Disclosed and claimed herein are systems, methods, and devices for predicting one or more turn points related to a road a vehicle is travelling on, the one or more turn points indicating locations where the vehicle can change direction.
A first aspect of the present disclosure relates to a computer-implemented method for predicting one or more turn points related to a road a vehicle is travelling on. The one or more turn points indicate locations where the vehicle can change direction. The method comprises:
The method thereby comprises a training phase comprising obtaining the training images, receiving the labels, and training the artificial neural network. The method further comprises an inference phase comprising recording and processing the one or more road images.
The training images show at least a road. A road refers to a way that comprises a surface which can be used by moving vehicular traffic, in particular one or more lanes. The part of the road usable by vehicular traffic is referred to as a carriageway. The road may further comprise parts that are inaccessible for vehicles, such as pedestrian walkways, road verges, and bicycle lanes. The road may further include parking spaces, which are accessible to vehicles but not adapted for driving and thus do not form part of the carriageway.

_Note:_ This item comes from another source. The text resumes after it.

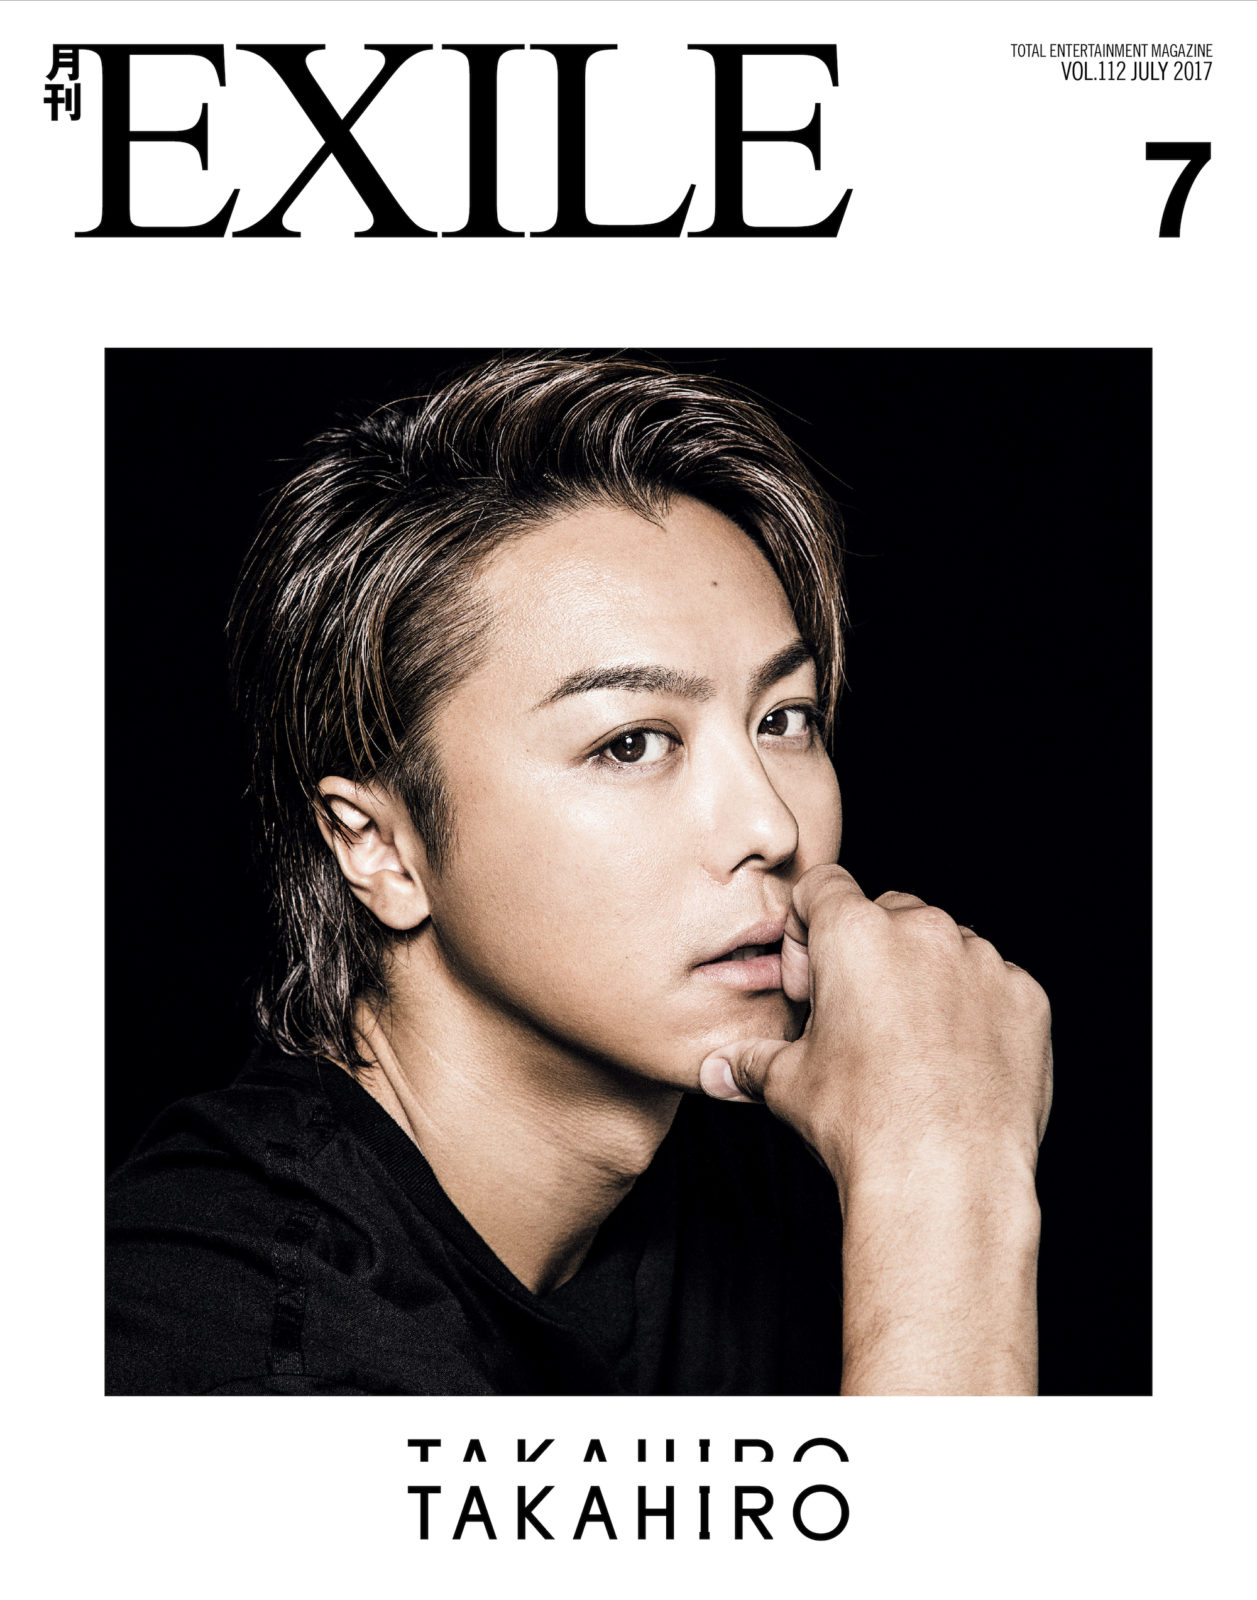 EXILE TAKAHIRO、「月刊EXILE 」約3年ぶりとなる単独カバーで、ファンからは『かっこいい』『ヤバい』の声殺到サムネイル画像!

The training images show the road preferably from the point of view of a vehicle traveling on the road. The images may be recorded by a vehicle-mounted camera. Alternatively, other sources of images may be used, such as collecting images from third parties. The images may also be taken manually. Preferably, photographs or video images are used. Alternatively, computer-generated images may be used. The training turn markers may be assigned manually, or by an algorithm, for example a classifying algorithm. For example, labels may be generated automatically and verified manually before being used for training. However, fully manual labelling is possible.
Changing travelling direction may refer to leaving the carriageway of the main road (i. e. the carriageway the vehicle is initially driving on) and continue driving on another road (e. g. at a crossroads or an intersection), or to parking in a parking space. In contrast, following a curve of the road that the vehicle is moving on is not considered changing direction as long as the vehicle is moving on the carriageway, in particular on one of the lanes for vehicular traffic.

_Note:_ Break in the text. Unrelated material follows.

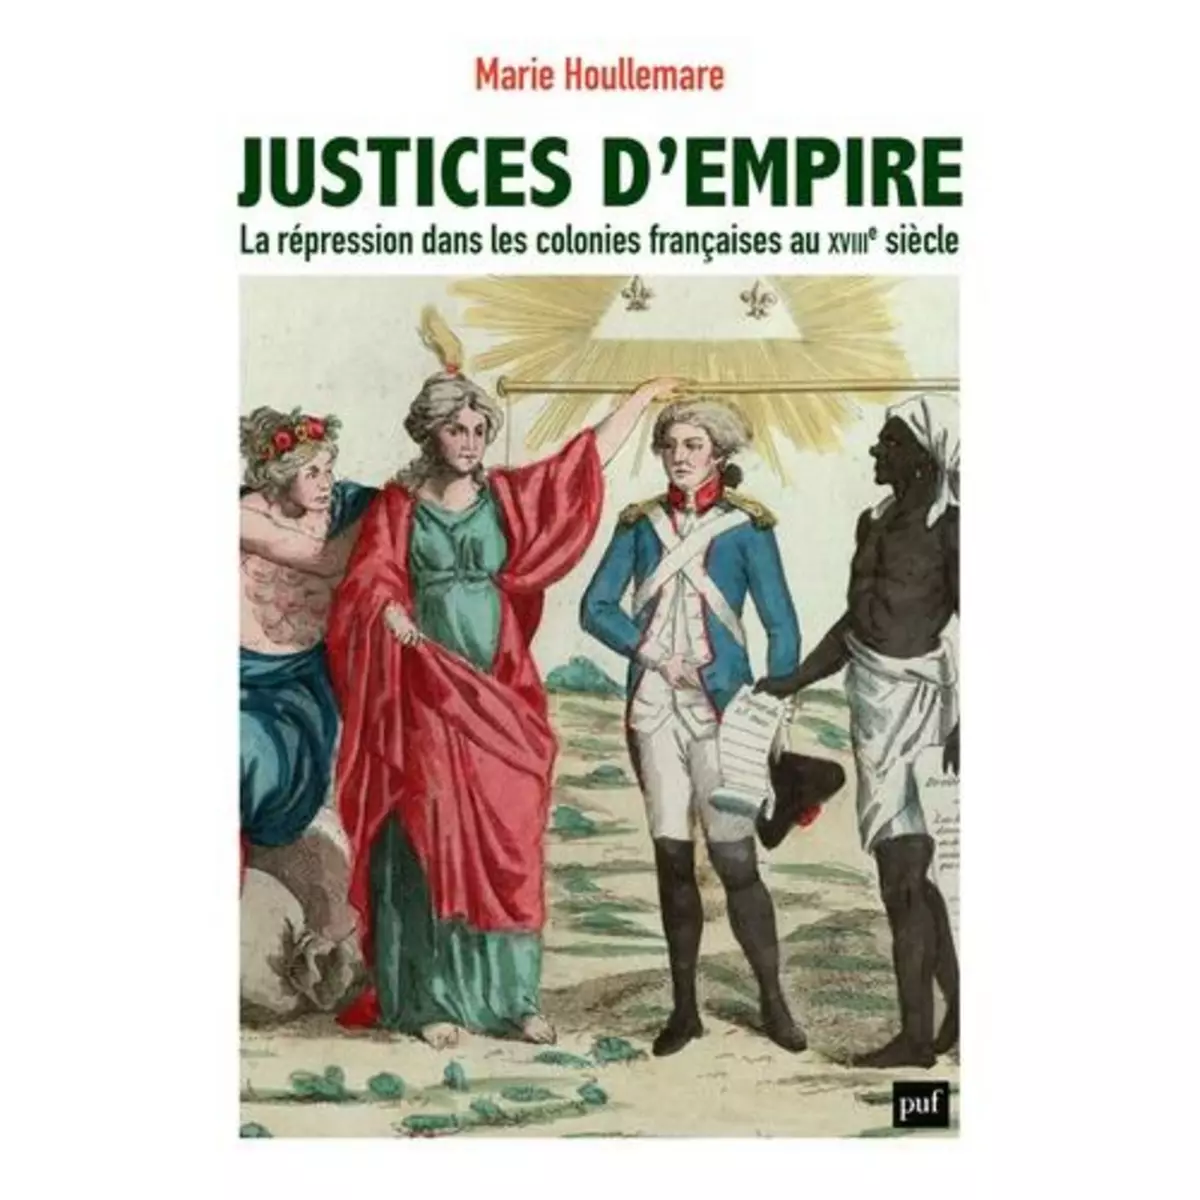  JUSTICES D'EMPIRE. LA REPRESSION DANS LES COLONIES FRANCAISES AU XVIIIE SIECLE, Houllemare Marie

In an embodiment, each training turn marker comprises a turn point.
A turn point marks a position on a border of the road at which a turn can be performed. Turn points are to be predicted by the artificial neural network and its output can be used as an input for another system, for example in a navigation system comprised in a vehicle. Navigation systems typically use maps to locate the current position of the vehicle and to show a position where a turn is possible. In a conventional system, if a position is inaccurately indicated on a map, the navigation system may fail to inform a driver at which precise position a turn can be taken, e. g. where a junction is located. Determining the position by processing the images of a forward-facing camera of the vehicle by the artificial neural network allows correcting the position, updating inaccurate map data, and giving more precise indications to a driver. The data may furthermore be used as an input for an augmented reality display system that is configured to show a virtual road sign superimposed over the traffic scenery. In autonomous driving, determining the turn point may allow the vehicle to take precise turns.

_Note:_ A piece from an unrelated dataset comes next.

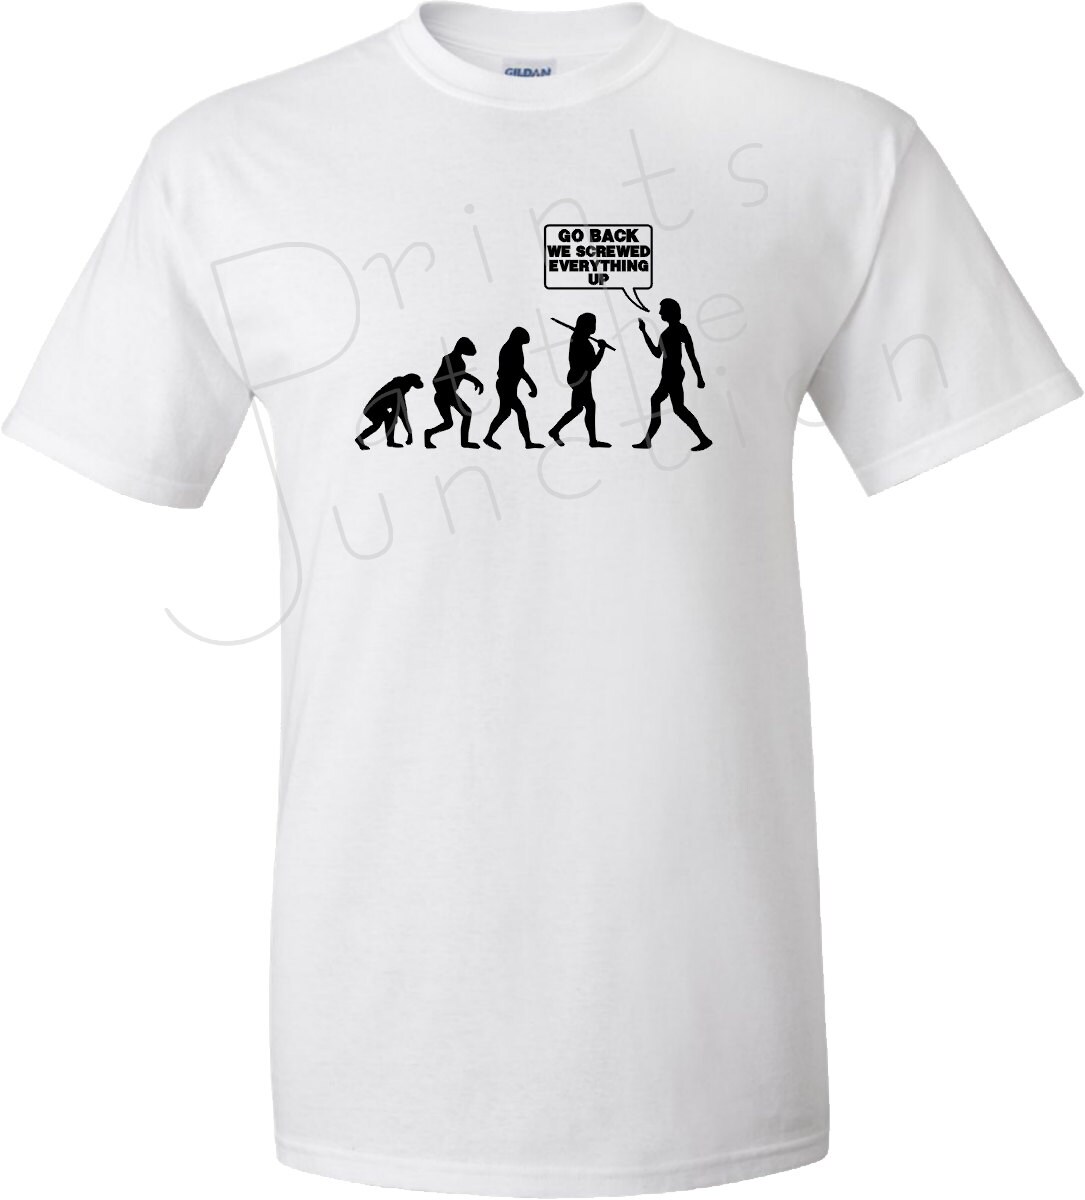 Funny Evolution T-Shirt/Evolution Of Man Shirt/Go Back We

In a further embodiment, each training turn marker comprises a turn line indicative of a road border section where a vehicle can change travelling direction.
A road border section indicates a section of a road border. A road border refers to an outer border of the part of the road that is usable by vehicular traffic. A road border may comprise a carriageway edge, a curb, or a temporary road fence. For example, if a road has four lanes for vehicles and a pedestrian walkway, the outer borders of the outer lanes are road borders. In this example, in the absence of intersections, the border between an outer lane and the pedestrian walkway is a road border. However, in this example, at an intersection or a crossroads joining the outer lane, the border between the outer lane and the joining road also forms part of the road border. At this section of the road border, where the road border is a border between the outer lane and the adjacent road, the vehicle can typically change travelling direction, i. e. take a turn onto the adjacent road. Such a road border section is preferably indicated by a turn line, except for the special cases set out below. Thereby, the turn line indicates a part of a boundary of a carriageway that can be crossed by a vehicle leaving the carriageway. Consequently, a vehicle leaving the carriageway crosses only one turn line. Examples of road border section where a vehicle can change travelling direction include roundabouts and junctions, in particular crossroads and intersections.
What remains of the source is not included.